Meechan and colleagues recently published a literature summary that meta-analysed the ECT vs placebo trials that Read and Bentall had reviewed. Their analysis favoured ECT:

A  response to that analysis by John Read (who opposes ECT) counters some criticisms made by Meechan and colleagues, but does not (as far as I can see) give grounds to  discount the results themselves. 

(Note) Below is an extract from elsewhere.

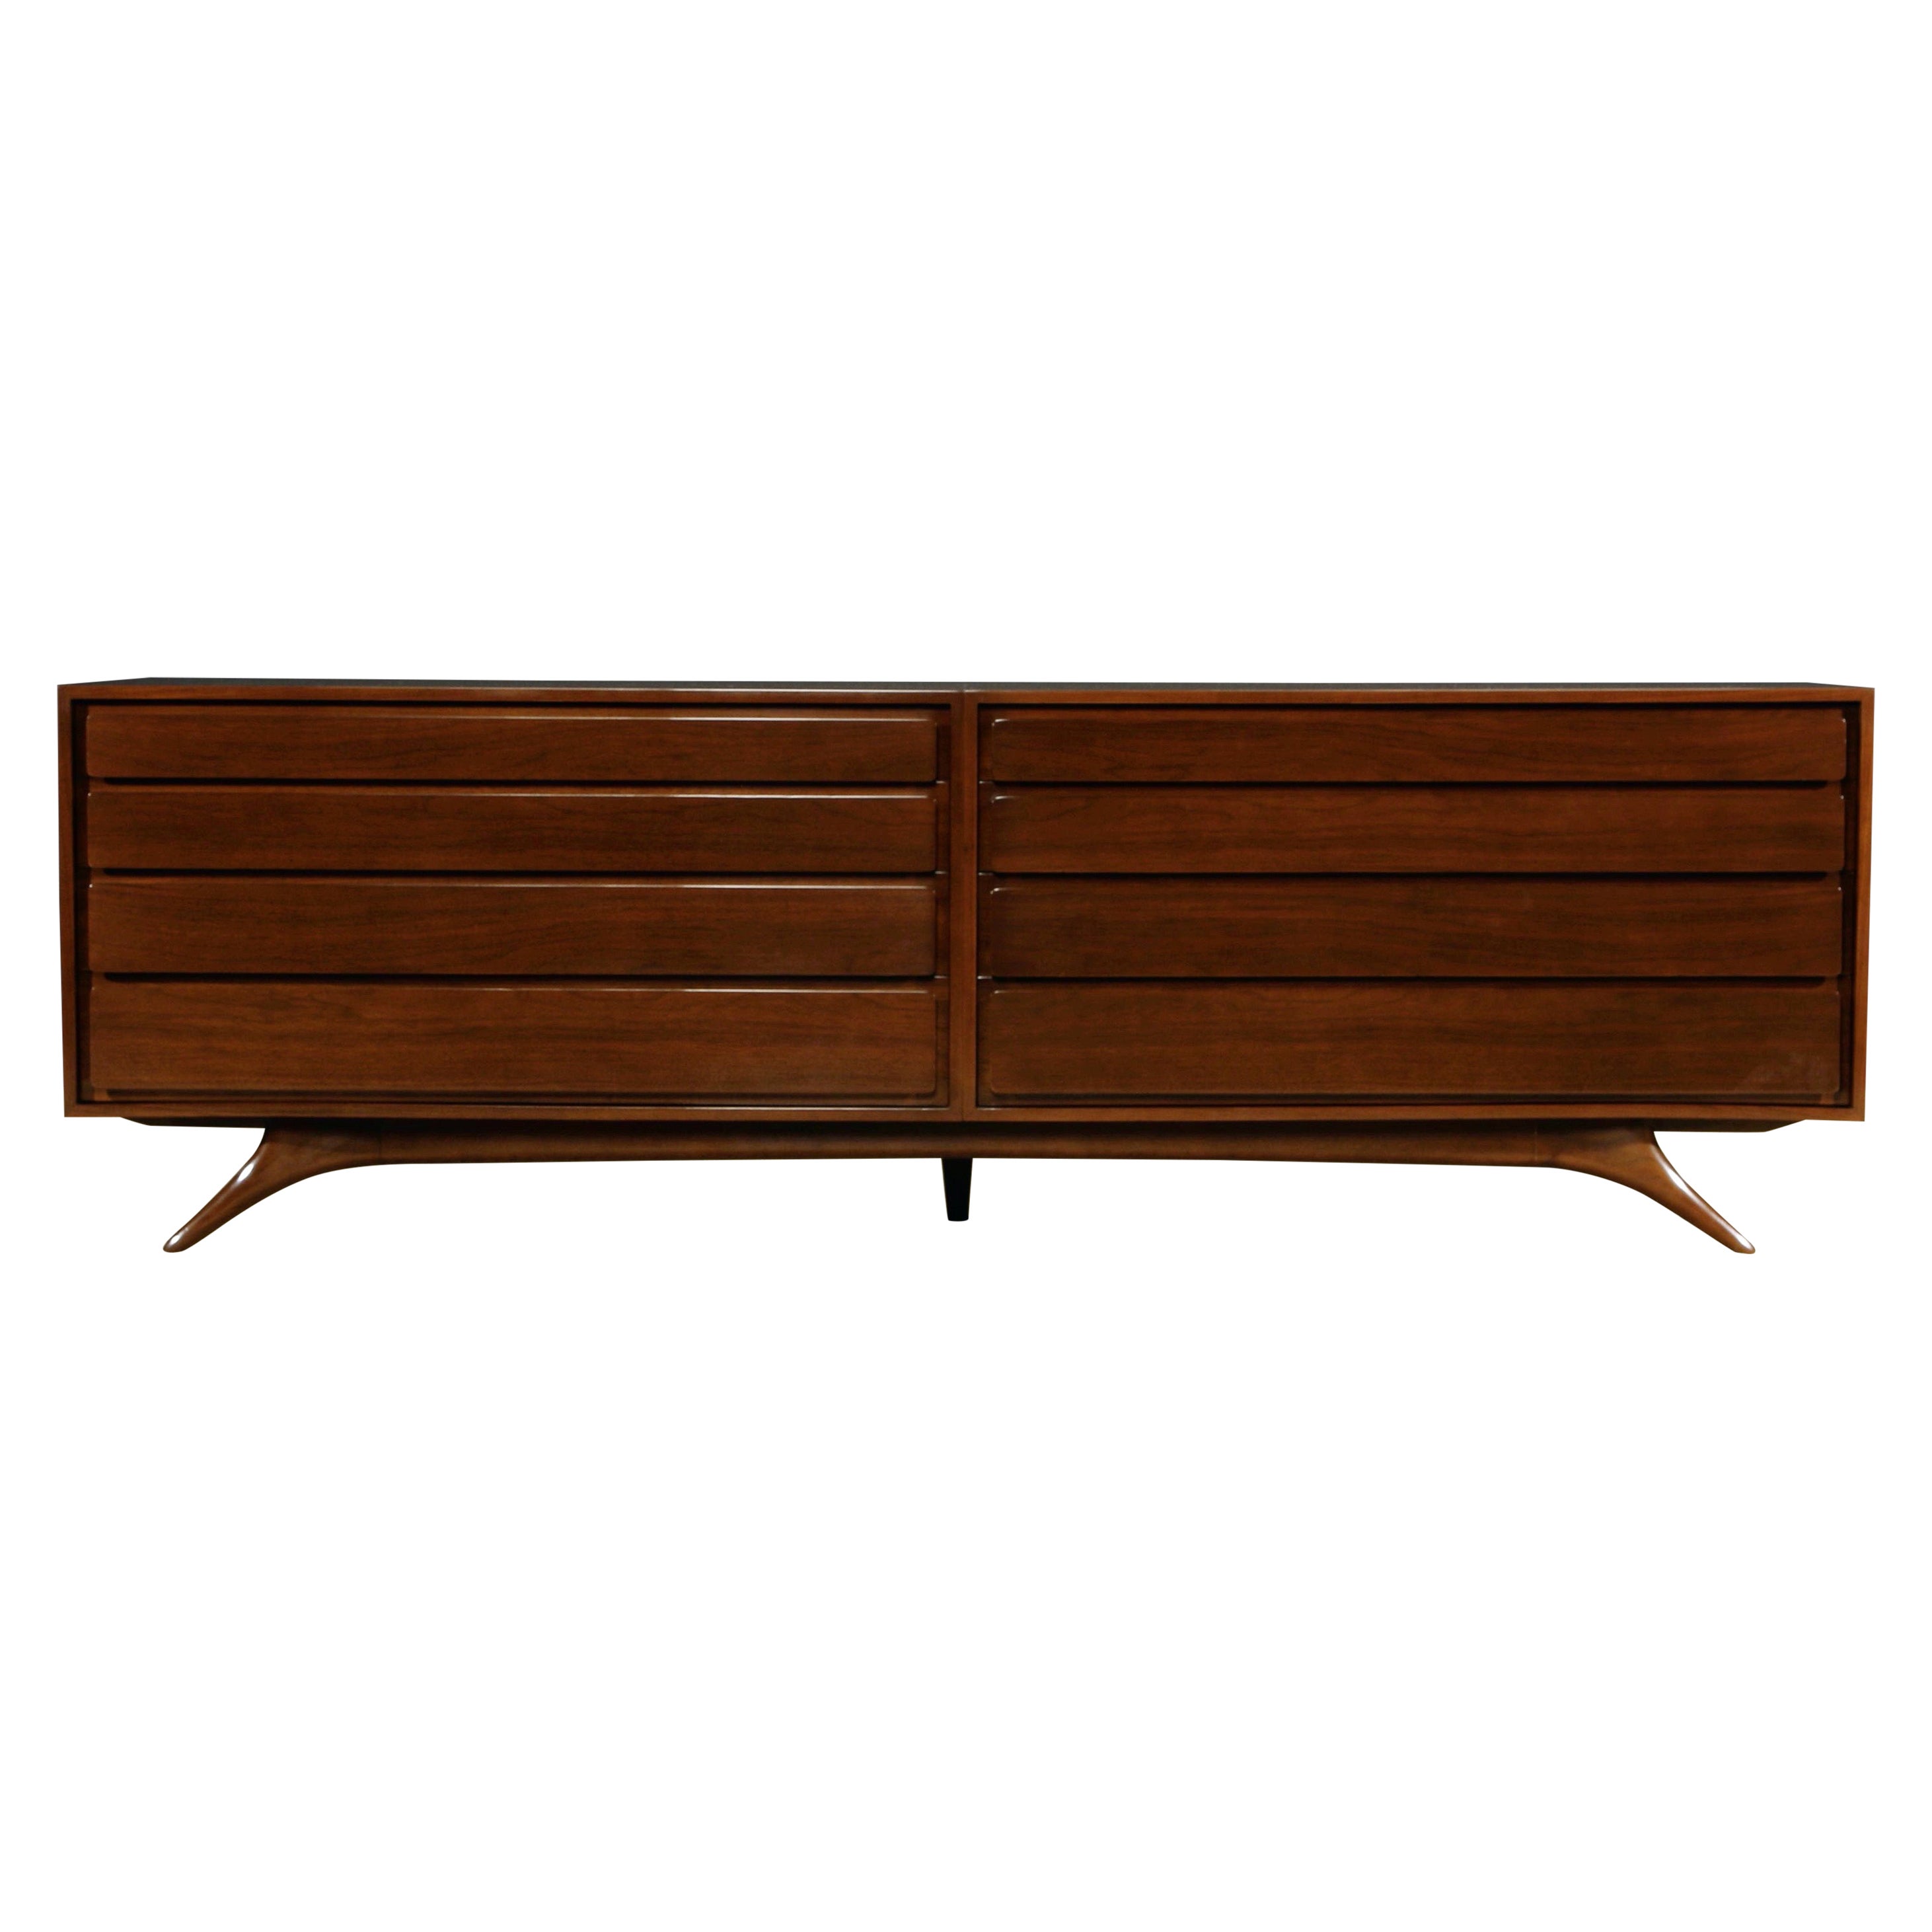 Important Double Dresser by Vladimir Kagan for Kagan-Dreyfuss, 1950s, Signed For Sale

What are some things that seem reasonable to say about ECT?
  • ECT has cognitive side effects that can be long lasting, primarily a loss of autobiographical memory
  • The state of the evidence is fairly poor: there are only 11 placebo controlled RCTs that examine the issue. These RCTs tend to support ECT's efficacy in improving depression - the effect size is greater than those observed for medications and psychotherapy.  
  • Any positive effects of ECT are likely to be short term: i.e. long enough to get someone out of a very severe depression, but not sufficient to maintain them in that state. 
  • More ECT efficacy research is needed.
Postscript:

In a blog for the "Council for Evidence Based Psychiatry" (CEP) Richard Bentall (a psychologist skeptical about ECT) articulated a position that I found surprisingly sympathetic:

"I have been challenged to explain what I would do if faced with a patient suffering from life threatening depression (to which the answer is: try other therapies but, if there really was no alternative and death was imminent, I would probably try ECT in desperation despite the questionable evidence of its effectiveness)."

I wonder how many psychiatrists - themselves worried about the limited research on ECT, but aware of the possibility it can be helpful - proceed in precisely this way?